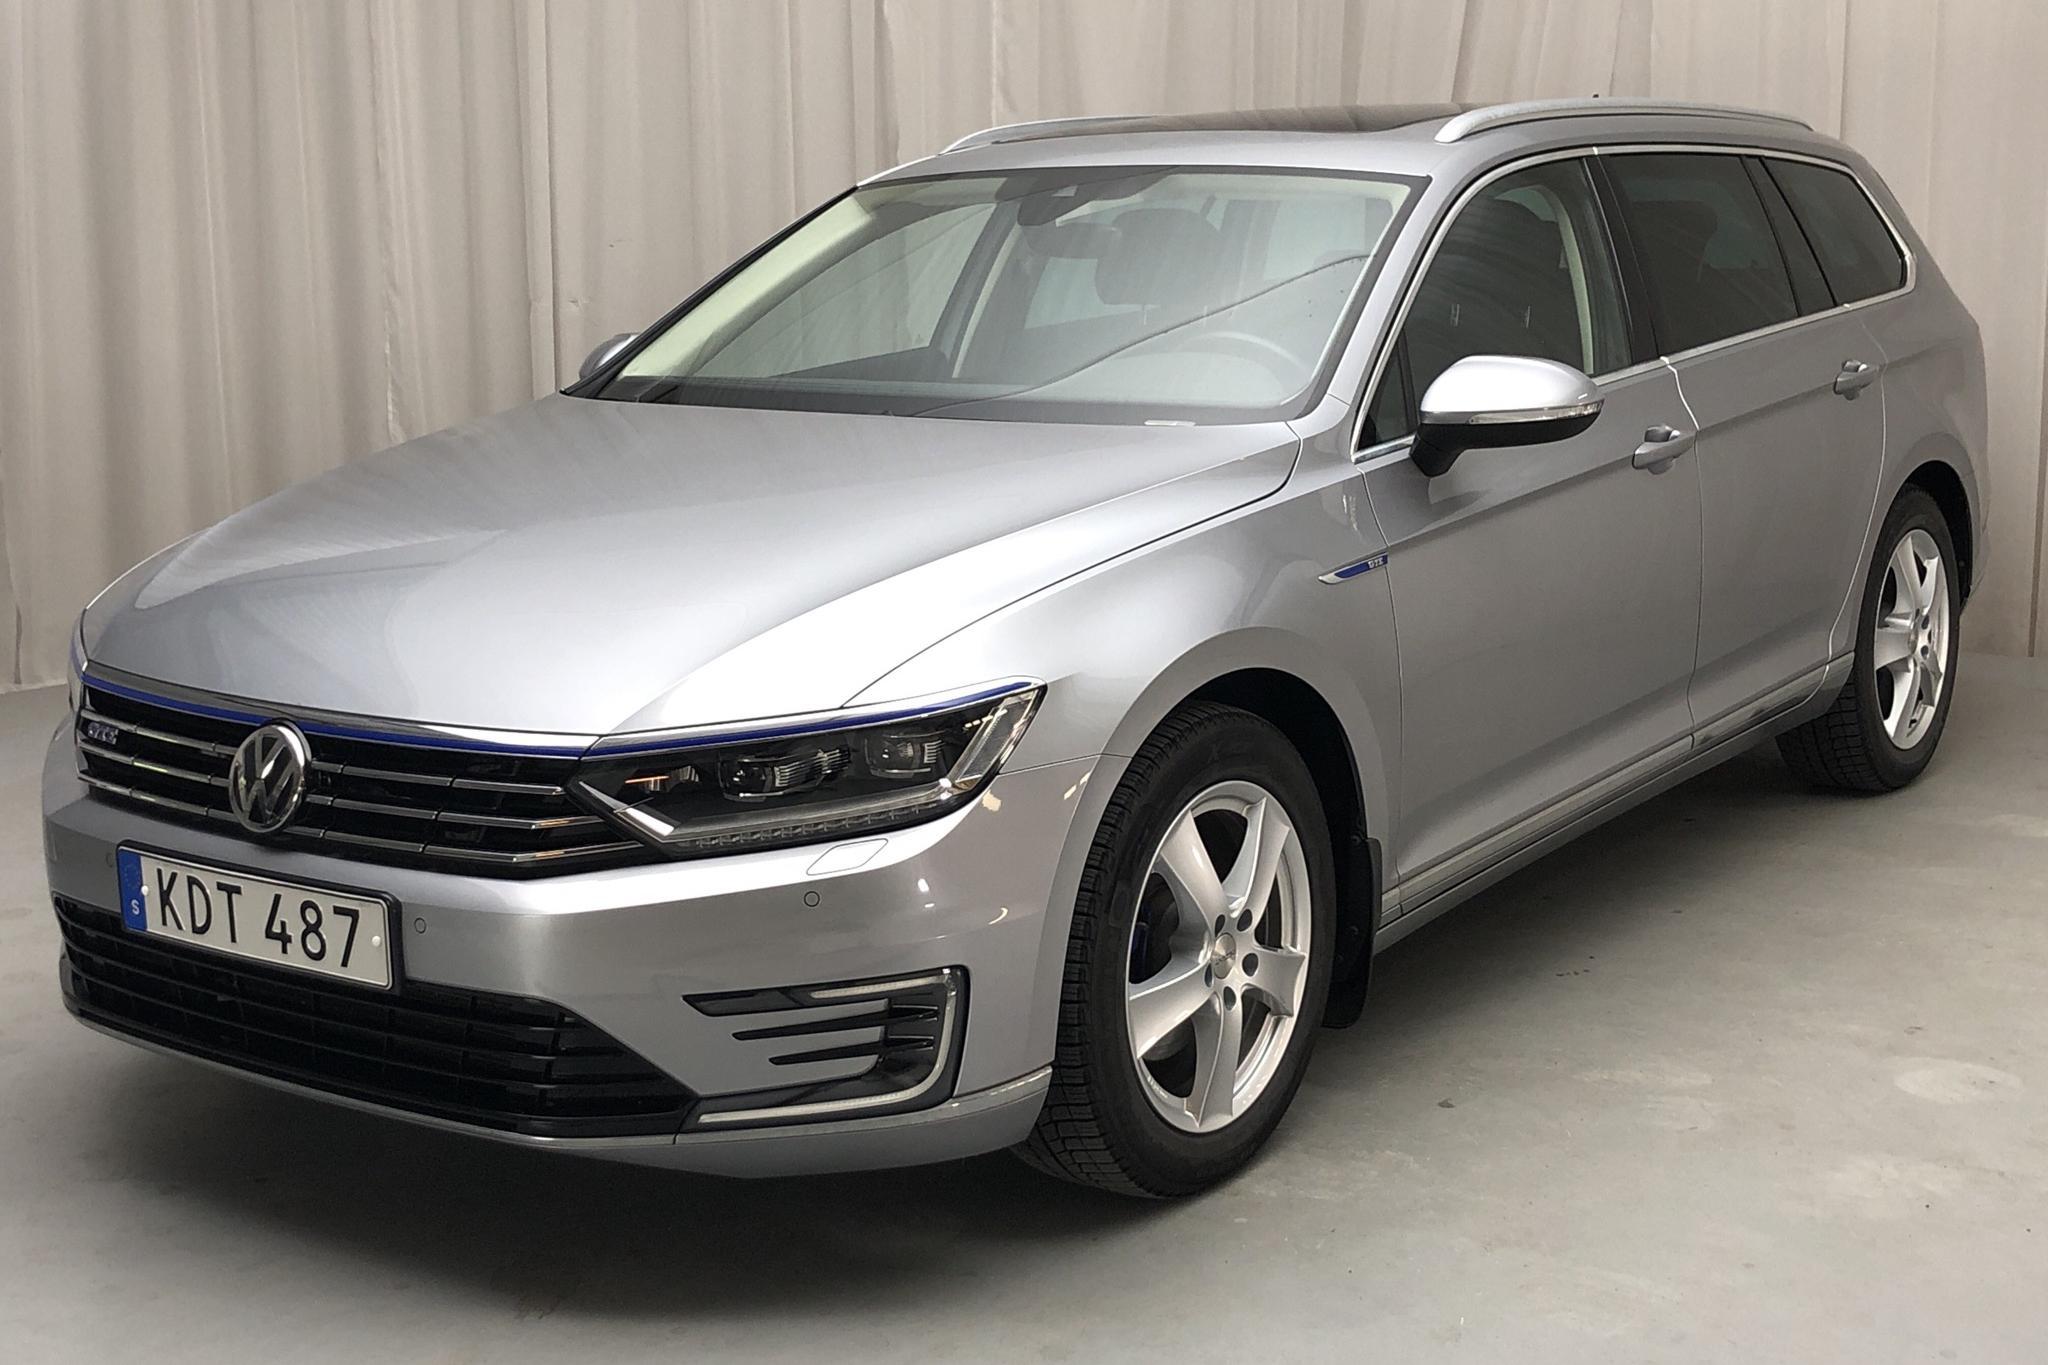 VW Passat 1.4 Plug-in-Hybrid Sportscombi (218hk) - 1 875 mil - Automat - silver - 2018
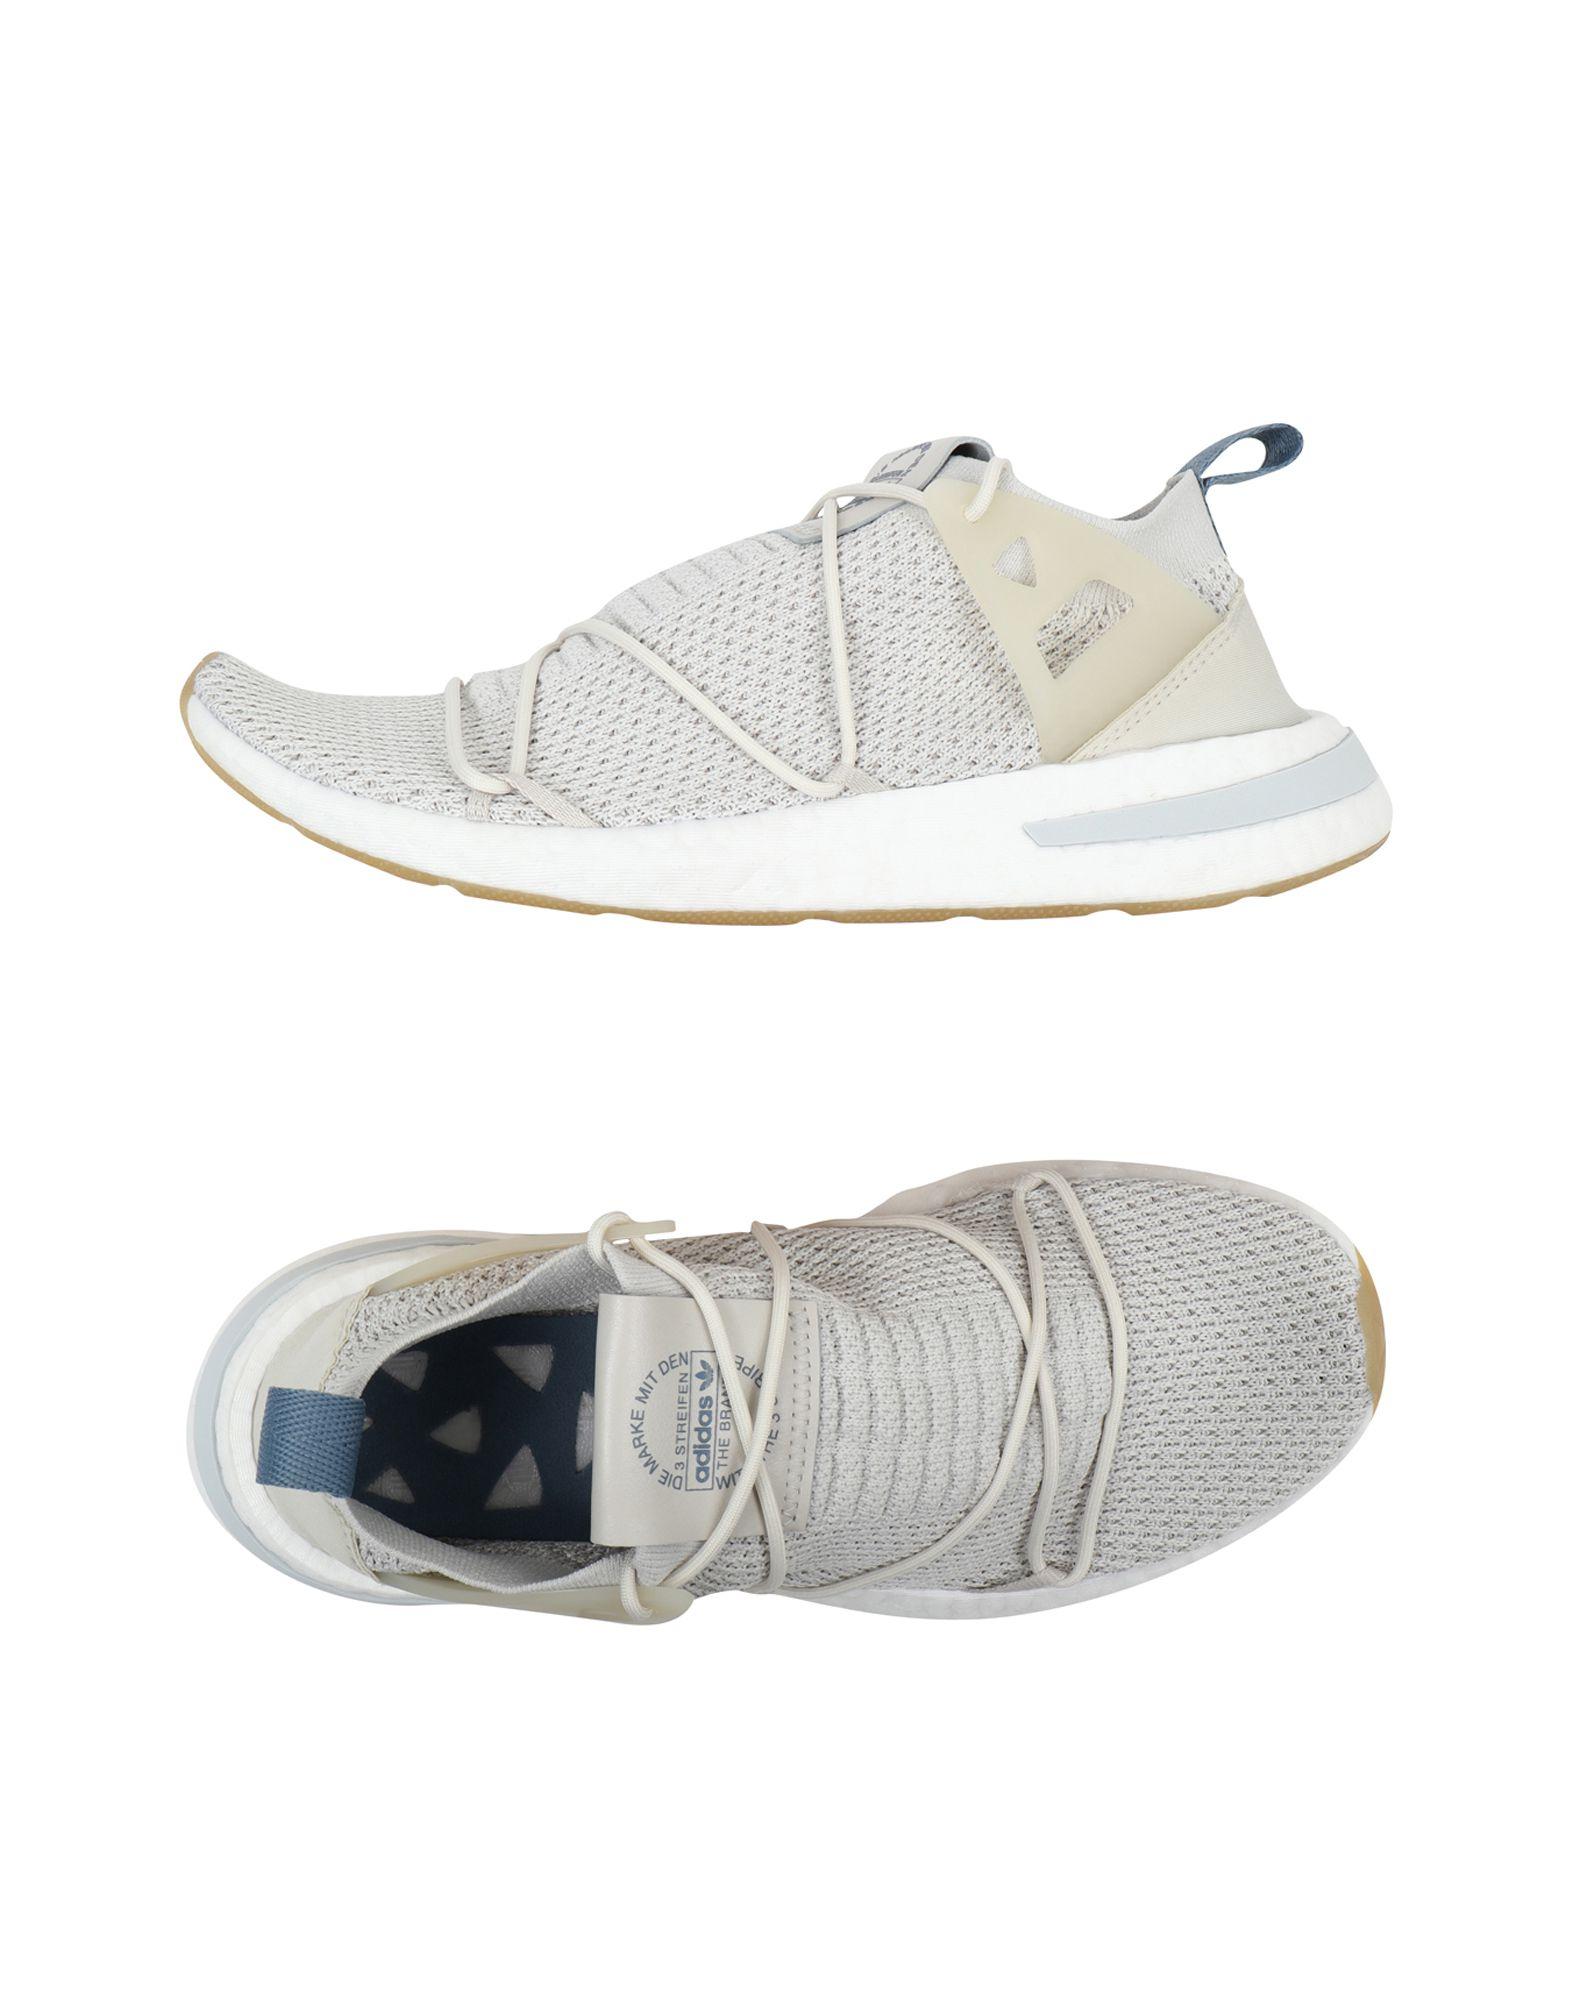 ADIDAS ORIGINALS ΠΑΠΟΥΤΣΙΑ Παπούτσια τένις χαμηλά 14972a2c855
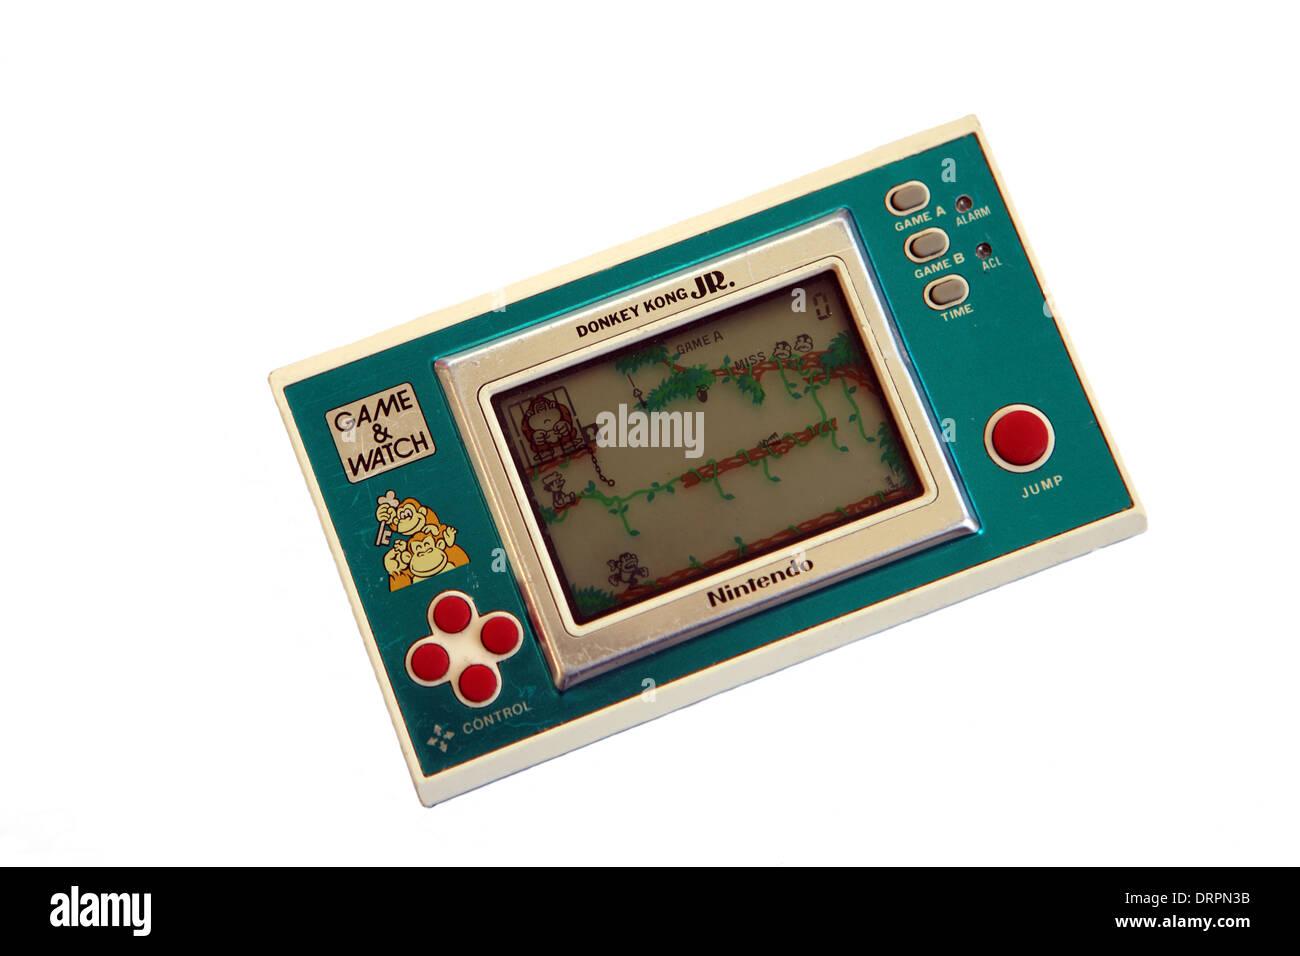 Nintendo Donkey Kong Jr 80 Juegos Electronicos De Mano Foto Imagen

*TASK REQUIREMENTS*
An exact copy is needed of the lines running from the one containing "ADIDAS ORIGINALS ΠΑΠΟΥΤΣΙΑ" through the last line of the material, and of no others; pictures stay out.

*RESPONSE TO THIS TASK*
 ADIDAS ORIGINALS ΠΑΠΟΥΤΣΙΑ Παπούτσια τένις χαμηλά 14972a2c855
 Nintendo Donkey Kong Jr 80 Juegos Electronicos De Mano Foto Imagen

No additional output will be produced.